All subjects are skipped, except the requested one:

In [None]:
!ls $PREPARED_PATH

Running on a short list of subject is performed in the same way,
you just need to give that list to `--participants` option:

> **CLI:**
> `bidsme prepare <source> <destination> -r "nii=MRI" --part-template <participants.json> --participant sub-001 sub-004`

Now `renamed` folder should contain only subjects 3 and 4:

In [None]:
!ls $PREPARED_PATH

### Skipping already prepeared data

The switches `sub_skip_tsv`, `sub_skip_dir`, `ses_skip_dir` allow users
to skip already processed subjects and sessions.

`sub_skip_tsv=True` will skip all subjects that are present in `participants.tsv` file.

In this example, it will skip subjects 3, and 4, and will only run on the second subject:

In [None]:
bidsme.prepare(SOURCE_PATH, PREPARED_PATH,
               part_template=os.path.join(RESOURCES_PATH, "participants.json"),
               data_dirs={"nii": "MRI"},
               sub_skip_tsv=True)
bidsme.tools.info.reporterrors(logger)
bidsme.tools.info.reseterrors(logger)

> **CLI:**
`bidsme prepare <source> <destination> -r "nii=MRI" --skip-in-tsv`

Now the prepared dataset should contain also the missing second subject:

In [None]:
!ls $PREPARED_PATH

Parameters `--skip-existing` and `--skip-existing-sessions` will skip subjects and
sessions, respectively, that already have their folders in prepared dataset.
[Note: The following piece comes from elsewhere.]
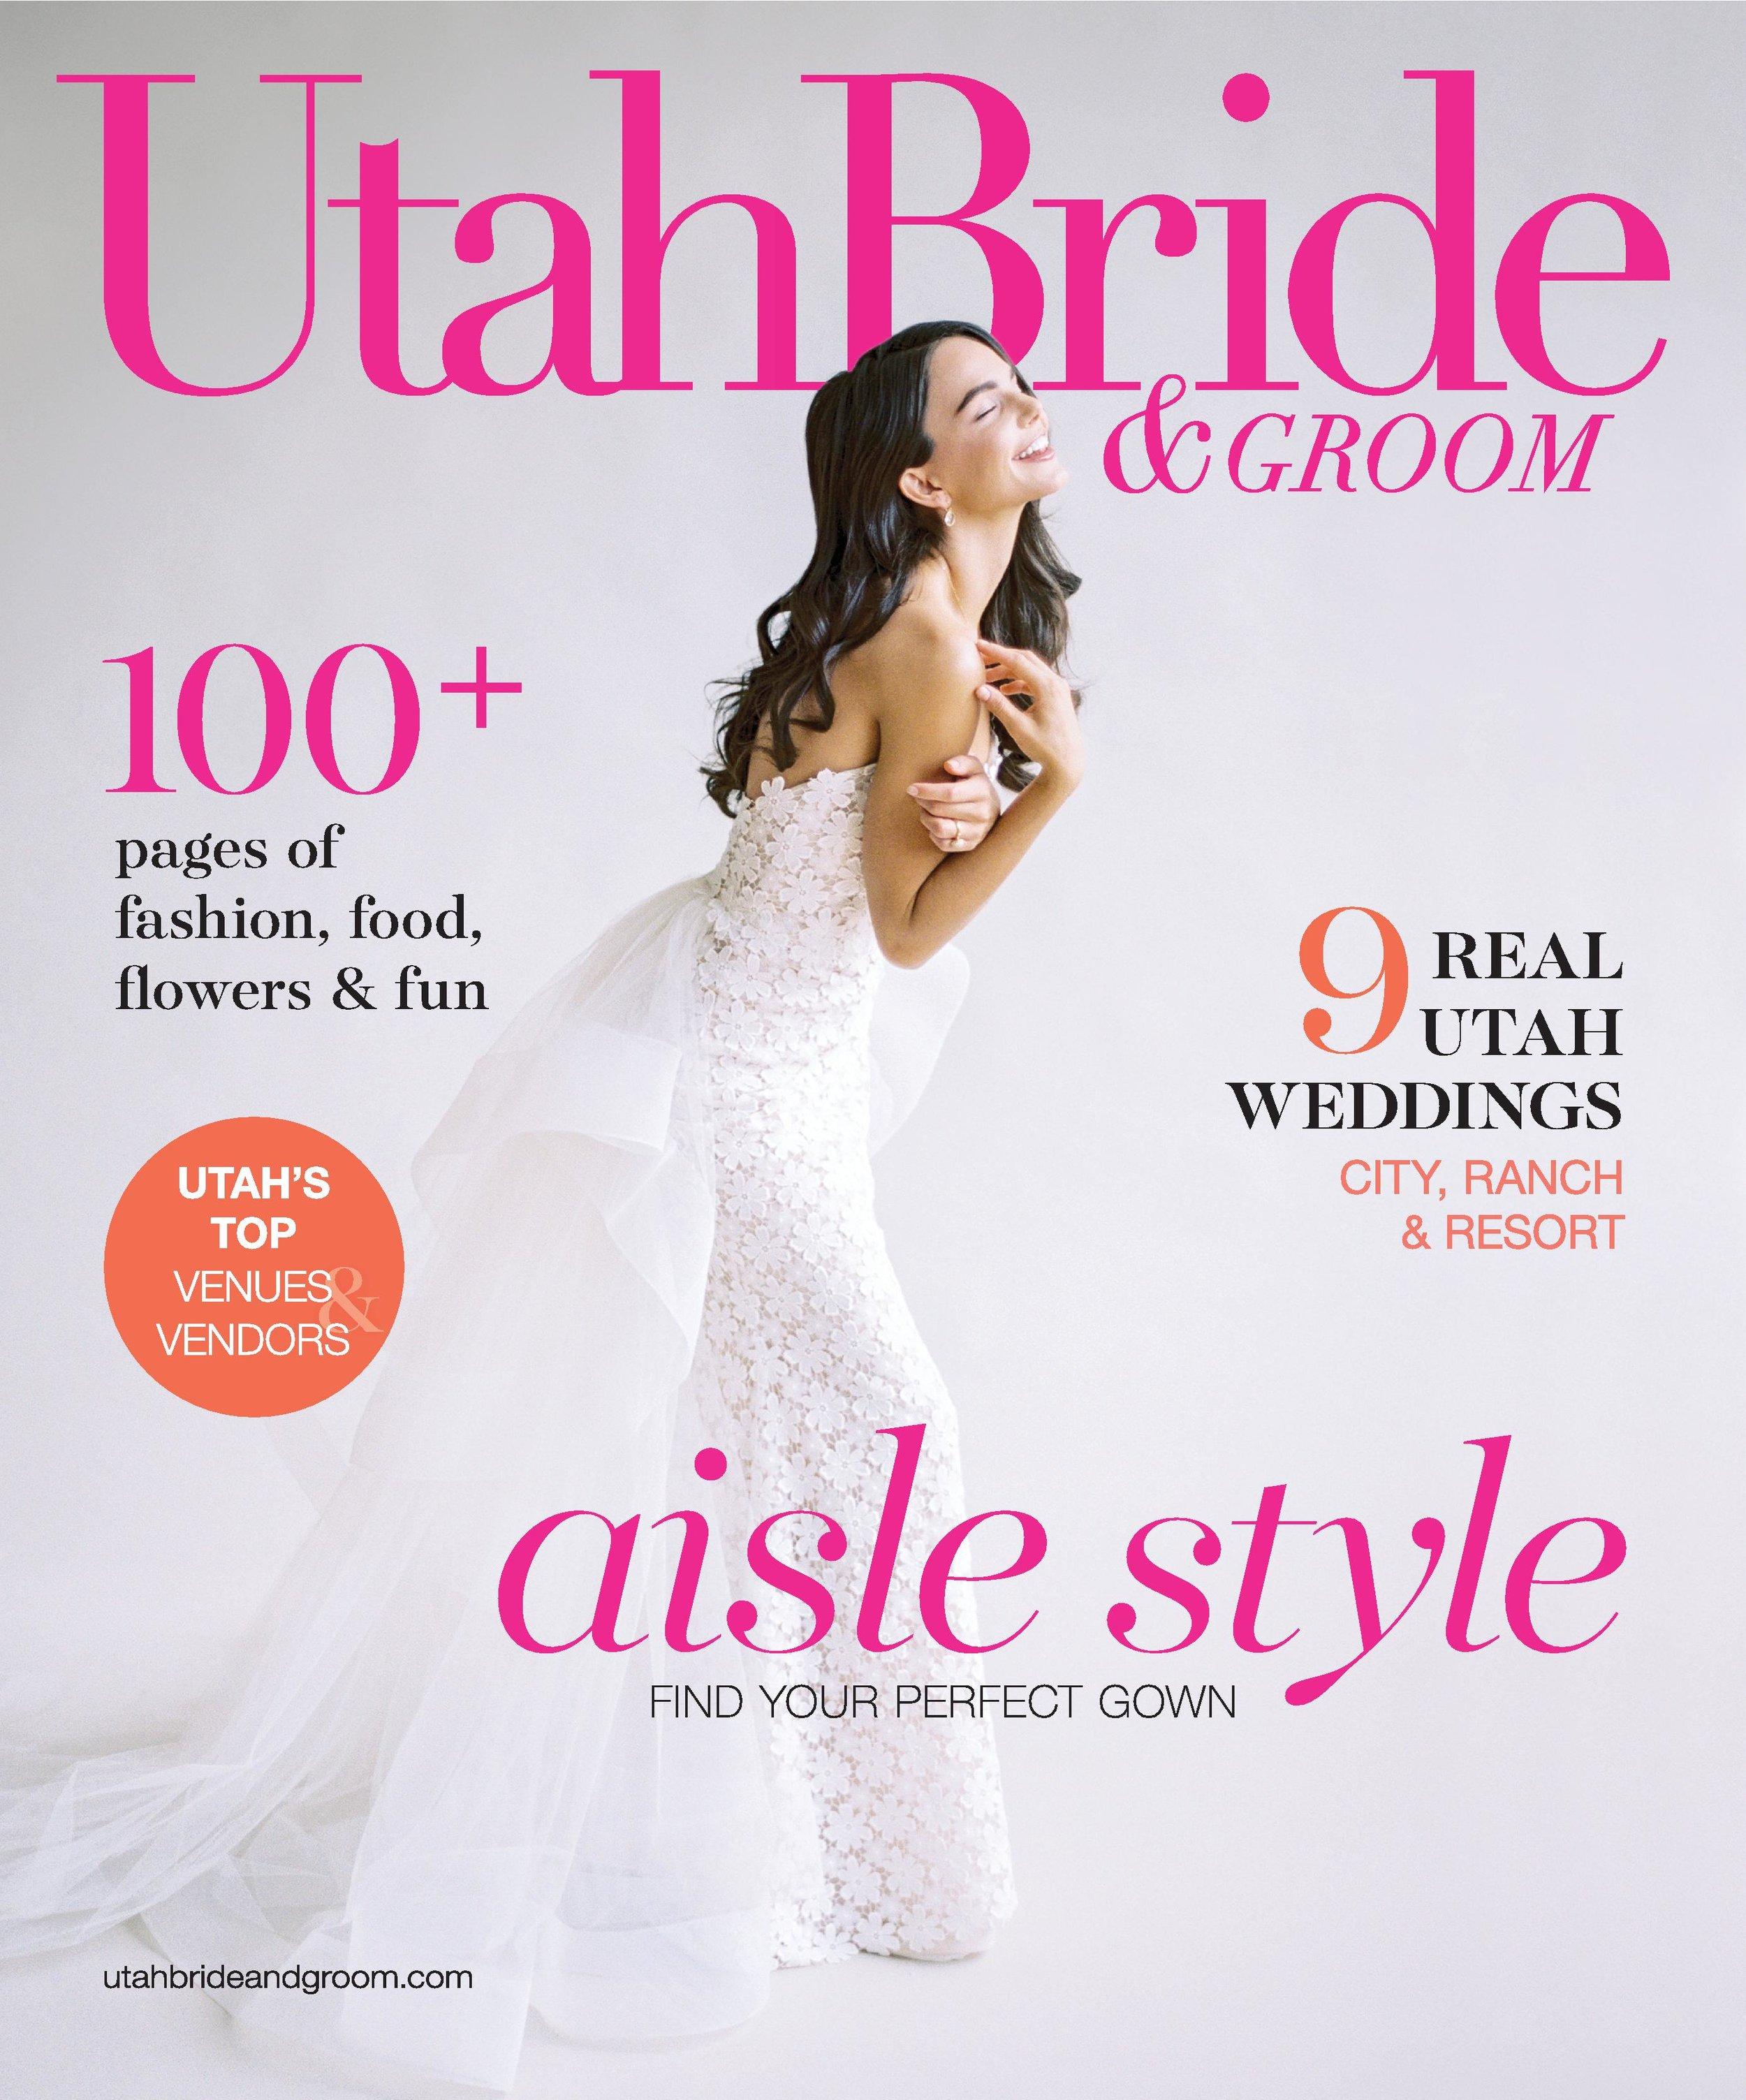 Utah Bride & Groom Magazine   UBG White Party   Eccles Theater   Emerald Green and Gold   Utah Wedding Professionals   Michelle Leo Events   Utah Event Planner and Designer

Please, remove `sub-002` and `sub-003/ses-s01584` folders from prepared dataset:

In [None]:
shutil.rmtree(os.path.join(PREPARED_PATH, 'sub-002'))
shutil.rmtree(os.path.join(PREPARED_PATH, 'sub-003', 'ses-s01584'))

Then run the `prepare` step asking to skip existing subjects:

In [None]:
bidsme.prepare(SOURCE_PATH, PREPARED_PATH,
               part_template=os.path.join(RESOURCES_PATH, "participants.json"),
               data_dirs={"nii": "MRI"},
               sub_skip_dir=True)
bidsme.tools.info.reporterrors(logger)
bidsme.tools.info.reseterrors(logger)

> **CLI:** `bidsme prepare <source> <destination> -r "nii=MRI" --skip-existing`

The `sub-002` folder should now be recreated in prepared dataset,
but session `ses-s01584` are still missing, because subject `sub-003`
already has been processed:

In [None]:
!ls $PREPARED_PATH
!ls $PREPARED_PATH/sub-003

Running next command should restore missing session:

In [None]:
bidsme.prepare(SOURCE_PATH, PREPARED_PATH,
               part_template=os.path.join(RESOURCES_PATH, "participants.json"),
               data_dirs={"nii": "MRI"},
               ses_skip_dir=True)
bidsme.tools.info.reporterrors(logger)
bidsme.tools.info.reseterrors(logger)

> **CLI:** `bidsme prepare <source> <destination> -r "nii=MRI" --skip-existing-session`

All sessions should be skipped:
```
prepare(319) - INFO Skipping session 'ses-s01512'
```
except the `ses-s01584`:
```
prepare(59) - INFO Processing: sub 'sub-003', ses 'ses-s01584' (41 files)
```

And the session `ses-s01584` is in it's place:

In [None]:
!ls $PREPARED_PATH/sub-003

## 4 - Prepared dataset

If all steps above was succesful, we should have a newly created "prepared" dataset,
which contains all four processed subjects, and demographics table `participants.tsv`:

In [None]:
!ls $PREPARED_PATH

For now, each subject has the same id, as the name of folder in the source dataset,
and the `participants.tsv` table remains unfilled.
The subject names can be changed and the table can be filled by using plug-ins,
as described in [advanced prepare tutorial](04-advanced-preparation.ipynb).

Going down one level, each subject folder should contain three sessions,
with criptic names, which again can be renamed using plugins:

In [None]:
!ls $PREPARED_PATH/sub-003

Finally, in eachsession folder, you can see a modality folder `MRI`, containing
a list of MRI sequences acquired during one session: 

In [None]:
!ls $PREPARED_PATH/sub-003/ses-s01599/MRI

Based on this structure, in the [next tutorial](02-basic-mapping.ipynb),
we will configure the `bidsme`, so it could bidsify the dataset.